To: eischen@vigrid.com (Daniel M. Eischen)
Date: Tue, 14 Dec 1999 02:37:47 +0000 (GMT)
Cc: adsharma@sharmas.dhs.org, arch@freebsd.org
In-Reply-To: <3853F3C0.EE96FB16@vigrid.com> from "Daniel M. Eischen" at Dec 12, 99 02:13:04 pm
X-Mailer: ELM [version 2.4 PL25]
MIME-Version: 1.0
Content-Type: text/plain; charset=US-ASCII
Content-Transfer-Encoding: 7bit
Sender: owner-freebsd-arch@FreeBSD.ORG
Precedence: bulk
X-Loop: FreeBSD.ORG

> > > Wouldn't this be akin to what other systems call a kernel thread or LWP?
> > 
> > A kernel thread or a LWP has a 1-to-1 relationship with a kernel stack.
> > In our discussion, a KSE has a 1-to-1 relationship with a kernel stack. The
> > purpose of the Q structure was to enforce "scheduling classes" - to
> > represent a set of threads having the same priority and to ensure
> > fairness in the scheduler.
> > 
> > Apart from this distinction, KSE is the closest to a kernel thread/LWP
> > and could possibly be used to implement blocking interrupt threads.
> 
> A KSE can't be placed in the run queue (or isn't in our implementation).
> A LWP or kernel thread can be.  A LWP can have it's own priority.
> I'd argue that our Q much closer resembles a LWP than does a KSE.

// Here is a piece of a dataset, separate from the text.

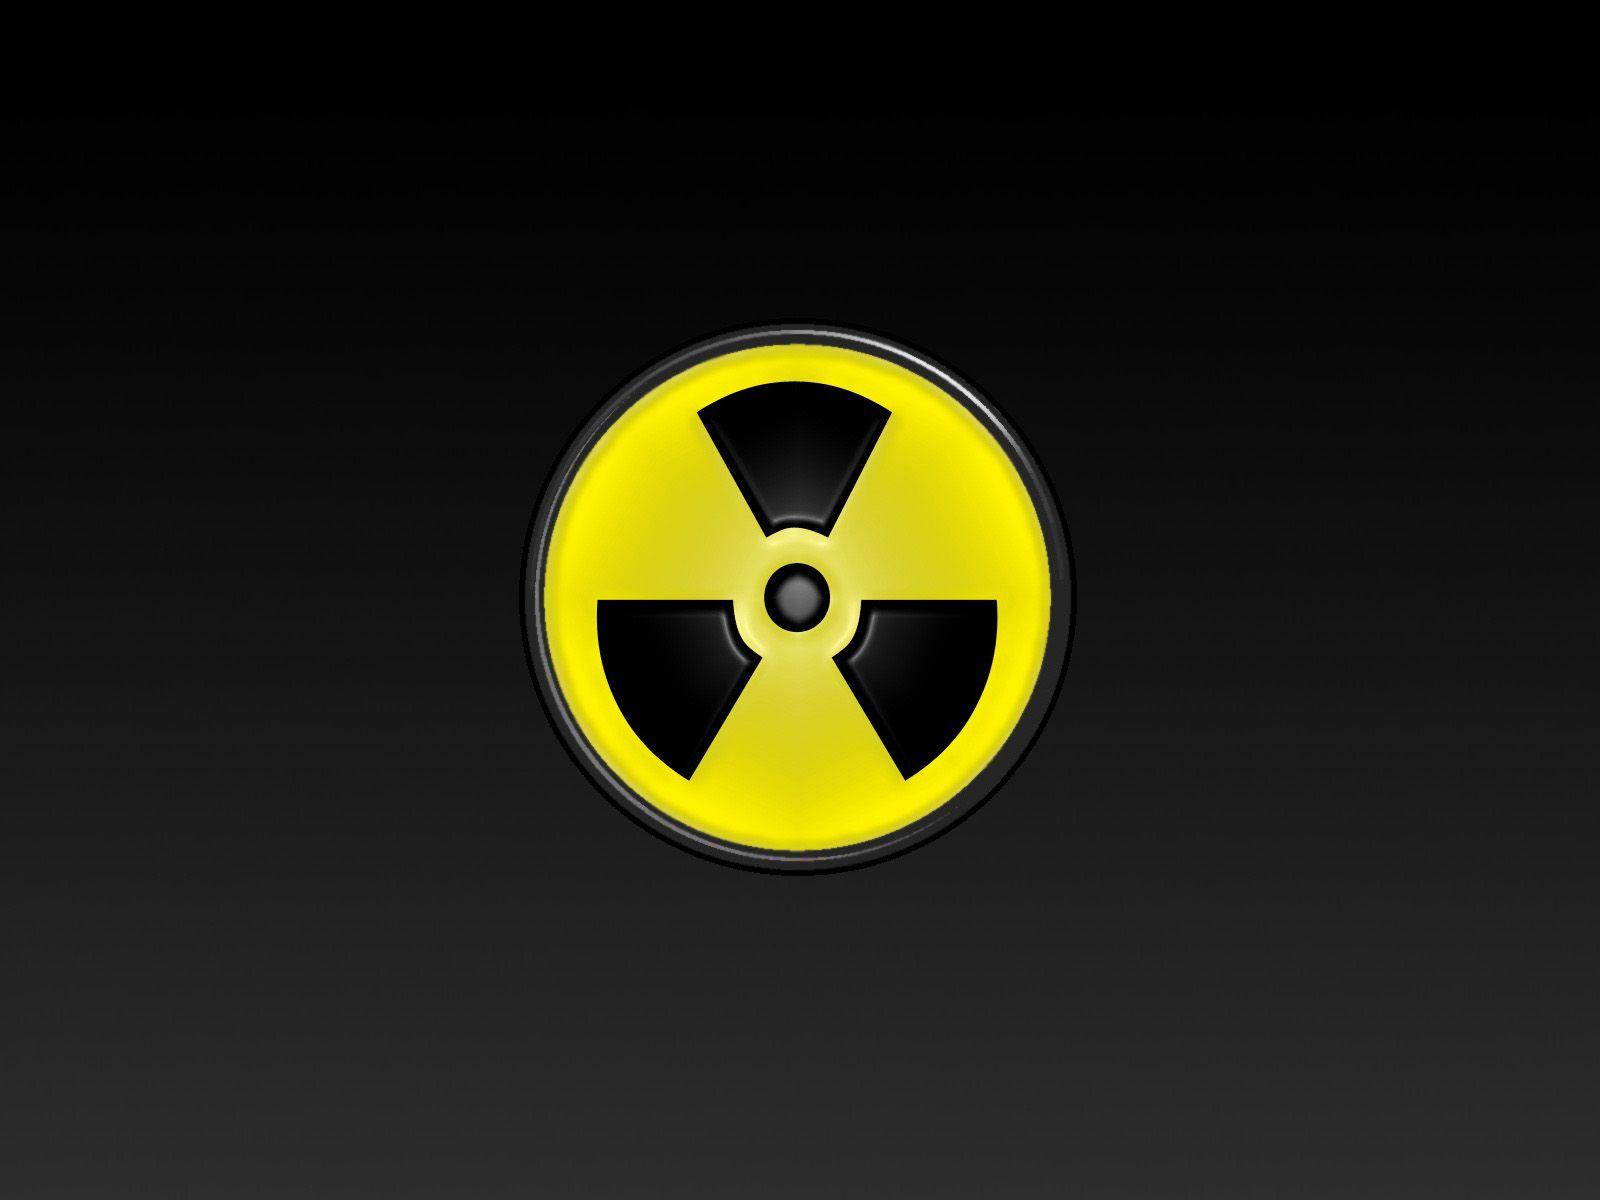 Nuclear Wallpaper Wallpapers - http://wallfic.com/nuclear-wallpaper-

This is probably more detail than is appropriate, since we agreed
to defer the seperation of the "Q" until later, but...

"Q" is a structure that acts as a scheduler reservation.  It's
purpose is to create an association between KSE's, a process,
and a quantum at a certain priority.  It also provides the basis
for getting multiple processors into user space at the same time.

In a multithreaded process on an SMP machine, where all threads
are at the same priority, you will normally have one "Q" per CPU
per multithreaded process, unless you have more CPUs than threads,
in which case youll have a number equal to the number of threads.

A traditional UNIX process is the same as one "Q" and one KSE.

The "Q" is the structure against which quantum is accounted, and
is the container for the priority of the process.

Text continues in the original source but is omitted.